Stored records
********

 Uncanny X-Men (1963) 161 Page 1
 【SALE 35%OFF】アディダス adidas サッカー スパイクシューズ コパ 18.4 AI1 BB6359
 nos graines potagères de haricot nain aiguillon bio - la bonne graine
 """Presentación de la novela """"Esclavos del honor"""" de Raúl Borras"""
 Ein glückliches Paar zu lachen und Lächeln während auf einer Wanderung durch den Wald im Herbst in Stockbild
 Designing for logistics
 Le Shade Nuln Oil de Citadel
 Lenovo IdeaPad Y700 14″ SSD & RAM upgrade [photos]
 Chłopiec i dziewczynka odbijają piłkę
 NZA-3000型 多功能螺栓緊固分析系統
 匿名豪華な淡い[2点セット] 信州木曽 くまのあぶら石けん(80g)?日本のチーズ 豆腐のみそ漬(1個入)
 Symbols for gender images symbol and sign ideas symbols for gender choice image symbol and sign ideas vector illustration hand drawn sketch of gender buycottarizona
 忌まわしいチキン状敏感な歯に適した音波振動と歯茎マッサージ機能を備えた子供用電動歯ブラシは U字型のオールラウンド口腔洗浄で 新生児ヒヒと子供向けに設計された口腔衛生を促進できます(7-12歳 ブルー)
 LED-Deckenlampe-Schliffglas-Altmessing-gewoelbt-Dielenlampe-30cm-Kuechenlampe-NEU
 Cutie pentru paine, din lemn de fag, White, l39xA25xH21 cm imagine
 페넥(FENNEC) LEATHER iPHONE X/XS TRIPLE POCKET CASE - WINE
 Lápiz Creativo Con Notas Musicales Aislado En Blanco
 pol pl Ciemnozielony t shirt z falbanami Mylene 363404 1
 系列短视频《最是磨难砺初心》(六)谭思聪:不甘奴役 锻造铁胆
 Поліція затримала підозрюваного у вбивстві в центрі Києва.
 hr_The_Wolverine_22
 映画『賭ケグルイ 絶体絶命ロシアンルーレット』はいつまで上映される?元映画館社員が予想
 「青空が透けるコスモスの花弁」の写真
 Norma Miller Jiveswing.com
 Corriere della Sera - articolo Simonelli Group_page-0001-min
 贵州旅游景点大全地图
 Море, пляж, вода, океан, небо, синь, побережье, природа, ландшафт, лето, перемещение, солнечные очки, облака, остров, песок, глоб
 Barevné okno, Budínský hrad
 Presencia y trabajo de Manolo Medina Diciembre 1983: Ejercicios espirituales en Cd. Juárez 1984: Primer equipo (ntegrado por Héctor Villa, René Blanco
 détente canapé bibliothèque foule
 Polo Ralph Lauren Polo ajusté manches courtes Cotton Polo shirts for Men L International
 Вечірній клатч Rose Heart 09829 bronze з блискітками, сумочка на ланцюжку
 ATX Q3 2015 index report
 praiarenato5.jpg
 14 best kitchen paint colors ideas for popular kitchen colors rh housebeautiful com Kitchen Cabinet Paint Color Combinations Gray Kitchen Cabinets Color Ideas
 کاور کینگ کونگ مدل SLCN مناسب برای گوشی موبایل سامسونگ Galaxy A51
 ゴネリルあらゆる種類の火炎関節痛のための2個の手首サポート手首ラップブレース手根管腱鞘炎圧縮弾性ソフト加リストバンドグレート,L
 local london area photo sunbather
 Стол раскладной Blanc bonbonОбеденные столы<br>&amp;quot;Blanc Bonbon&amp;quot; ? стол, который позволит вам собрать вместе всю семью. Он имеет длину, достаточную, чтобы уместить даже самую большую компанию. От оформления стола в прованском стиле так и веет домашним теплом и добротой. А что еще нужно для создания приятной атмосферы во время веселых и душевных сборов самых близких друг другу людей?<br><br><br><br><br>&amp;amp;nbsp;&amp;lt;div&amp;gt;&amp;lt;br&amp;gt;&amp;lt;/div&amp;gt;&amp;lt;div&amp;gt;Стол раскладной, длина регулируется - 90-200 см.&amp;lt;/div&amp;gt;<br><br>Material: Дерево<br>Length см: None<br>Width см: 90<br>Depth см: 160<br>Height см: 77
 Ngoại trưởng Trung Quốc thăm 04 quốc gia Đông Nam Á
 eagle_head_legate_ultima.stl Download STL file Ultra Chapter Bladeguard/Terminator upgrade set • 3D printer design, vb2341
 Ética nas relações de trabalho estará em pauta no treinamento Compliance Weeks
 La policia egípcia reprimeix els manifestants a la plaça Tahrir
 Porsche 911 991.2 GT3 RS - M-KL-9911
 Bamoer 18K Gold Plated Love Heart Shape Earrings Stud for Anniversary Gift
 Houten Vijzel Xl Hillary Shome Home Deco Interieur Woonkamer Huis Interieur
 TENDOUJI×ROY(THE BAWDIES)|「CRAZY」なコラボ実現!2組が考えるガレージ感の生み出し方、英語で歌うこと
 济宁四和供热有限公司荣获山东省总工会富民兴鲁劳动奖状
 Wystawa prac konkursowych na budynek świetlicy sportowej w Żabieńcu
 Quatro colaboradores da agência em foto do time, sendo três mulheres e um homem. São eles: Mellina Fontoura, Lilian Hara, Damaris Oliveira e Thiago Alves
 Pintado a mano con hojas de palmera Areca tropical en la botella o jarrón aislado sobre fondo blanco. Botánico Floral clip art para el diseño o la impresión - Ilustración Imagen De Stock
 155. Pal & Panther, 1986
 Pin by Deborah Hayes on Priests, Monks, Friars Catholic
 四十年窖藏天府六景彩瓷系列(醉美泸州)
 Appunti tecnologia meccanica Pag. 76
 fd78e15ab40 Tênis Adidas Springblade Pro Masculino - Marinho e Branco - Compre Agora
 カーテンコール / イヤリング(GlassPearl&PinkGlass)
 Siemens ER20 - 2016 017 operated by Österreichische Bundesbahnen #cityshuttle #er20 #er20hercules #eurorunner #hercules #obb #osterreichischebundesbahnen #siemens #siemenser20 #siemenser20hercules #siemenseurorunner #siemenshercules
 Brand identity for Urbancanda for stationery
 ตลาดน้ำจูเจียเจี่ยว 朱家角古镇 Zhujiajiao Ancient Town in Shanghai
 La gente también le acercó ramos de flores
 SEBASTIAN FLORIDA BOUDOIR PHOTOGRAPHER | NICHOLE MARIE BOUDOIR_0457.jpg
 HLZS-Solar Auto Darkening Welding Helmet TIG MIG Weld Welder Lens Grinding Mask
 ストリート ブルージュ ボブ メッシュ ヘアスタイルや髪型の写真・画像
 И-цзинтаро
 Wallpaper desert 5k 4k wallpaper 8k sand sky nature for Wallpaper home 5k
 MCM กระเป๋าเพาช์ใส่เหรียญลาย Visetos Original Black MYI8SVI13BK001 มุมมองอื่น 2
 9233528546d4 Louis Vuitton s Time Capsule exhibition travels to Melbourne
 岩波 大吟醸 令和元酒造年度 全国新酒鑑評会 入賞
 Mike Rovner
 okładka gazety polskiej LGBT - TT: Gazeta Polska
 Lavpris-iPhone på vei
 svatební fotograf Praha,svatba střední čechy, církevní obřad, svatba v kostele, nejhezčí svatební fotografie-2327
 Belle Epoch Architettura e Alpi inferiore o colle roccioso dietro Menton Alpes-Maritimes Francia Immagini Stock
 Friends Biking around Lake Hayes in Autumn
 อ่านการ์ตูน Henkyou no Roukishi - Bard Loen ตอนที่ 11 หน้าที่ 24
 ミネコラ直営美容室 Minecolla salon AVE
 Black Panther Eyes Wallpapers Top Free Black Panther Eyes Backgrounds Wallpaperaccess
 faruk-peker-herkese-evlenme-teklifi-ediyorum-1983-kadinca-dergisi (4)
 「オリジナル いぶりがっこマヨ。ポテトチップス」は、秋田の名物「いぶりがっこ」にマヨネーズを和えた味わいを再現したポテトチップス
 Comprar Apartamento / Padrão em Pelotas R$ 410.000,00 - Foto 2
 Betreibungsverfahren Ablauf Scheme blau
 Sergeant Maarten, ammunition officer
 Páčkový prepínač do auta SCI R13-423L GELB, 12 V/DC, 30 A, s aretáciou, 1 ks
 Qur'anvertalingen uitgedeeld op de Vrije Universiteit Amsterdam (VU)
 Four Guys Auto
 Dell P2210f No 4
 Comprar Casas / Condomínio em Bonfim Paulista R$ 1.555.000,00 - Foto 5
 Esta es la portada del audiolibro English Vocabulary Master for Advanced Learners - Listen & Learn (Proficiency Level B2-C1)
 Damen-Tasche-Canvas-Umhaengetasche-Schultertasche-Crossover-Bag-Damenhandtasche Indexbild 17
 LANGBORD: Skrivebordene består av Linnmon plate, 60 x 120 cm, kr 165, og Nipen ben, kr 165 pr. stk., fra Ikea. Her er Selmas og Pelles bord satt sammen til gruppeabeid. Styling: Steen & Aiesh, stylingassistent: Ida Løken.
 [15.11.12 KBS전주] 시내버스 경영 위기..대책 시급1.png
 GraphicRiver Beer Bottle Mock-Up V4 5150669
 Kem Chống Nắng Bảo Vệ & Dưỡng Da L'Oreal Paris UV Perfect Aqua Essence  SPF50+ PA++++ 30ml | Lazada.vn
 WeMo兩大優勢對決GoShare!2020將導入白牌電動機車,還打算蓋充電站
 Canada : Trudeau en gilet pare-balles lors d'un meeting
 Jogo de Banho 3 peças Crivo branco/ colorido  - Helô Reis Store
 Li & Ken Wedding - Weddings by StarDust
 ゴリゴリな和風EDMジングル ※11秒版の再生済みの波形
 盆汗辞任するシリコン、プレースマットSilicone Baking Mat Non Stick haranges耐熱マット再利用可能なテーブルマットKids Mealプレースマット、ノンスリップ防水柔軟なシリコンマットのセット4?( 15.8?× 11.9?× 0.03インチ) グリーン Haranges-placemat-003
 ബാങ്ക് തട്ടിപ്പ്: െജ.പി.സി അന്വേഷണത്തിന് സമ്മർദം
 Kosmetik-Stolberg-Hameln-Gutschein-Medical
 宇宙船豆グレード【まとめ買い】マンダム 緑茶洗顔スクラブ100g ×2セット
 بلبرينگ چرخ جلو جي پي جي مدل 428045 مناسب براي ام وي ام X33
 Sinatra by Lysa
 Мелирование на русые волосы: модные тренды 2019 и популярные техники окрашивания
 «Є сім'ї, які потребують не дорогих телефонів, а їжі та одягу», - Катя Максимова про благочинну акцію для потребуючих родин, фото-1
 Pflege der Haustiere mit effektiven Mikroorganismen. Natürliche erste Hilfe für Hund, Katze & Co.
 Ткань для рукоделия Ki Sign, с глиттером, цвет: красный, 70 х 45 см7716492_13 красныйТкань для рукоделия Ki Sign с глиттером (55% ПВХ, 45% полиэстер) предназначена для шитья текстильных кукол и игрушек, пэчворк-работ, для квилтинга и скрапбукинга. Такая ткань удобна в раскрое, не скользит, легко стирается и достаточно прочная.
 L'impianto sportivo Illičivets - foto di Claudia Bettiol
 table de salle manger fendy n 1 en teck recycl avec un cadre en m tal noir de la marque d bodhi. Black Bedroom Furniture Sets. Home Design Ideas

********

Copy each line above containing the string "Black".

 MCM กระเป๋าเพาช์ใส่เหรียญลาย Visetos Original Black MYI8SVI13BK001 มุมมองอื่น 2
 Black Panther Eyes Wallpapers Top Free Black Panther Eyes Backgrounds Wallpaperaccess
 table de salle manger fendy n 1 en teck recycl avec un cadre en m tal noir de la marque d bodhi. Black Bedroom Furniture Sets. Home Design Ideas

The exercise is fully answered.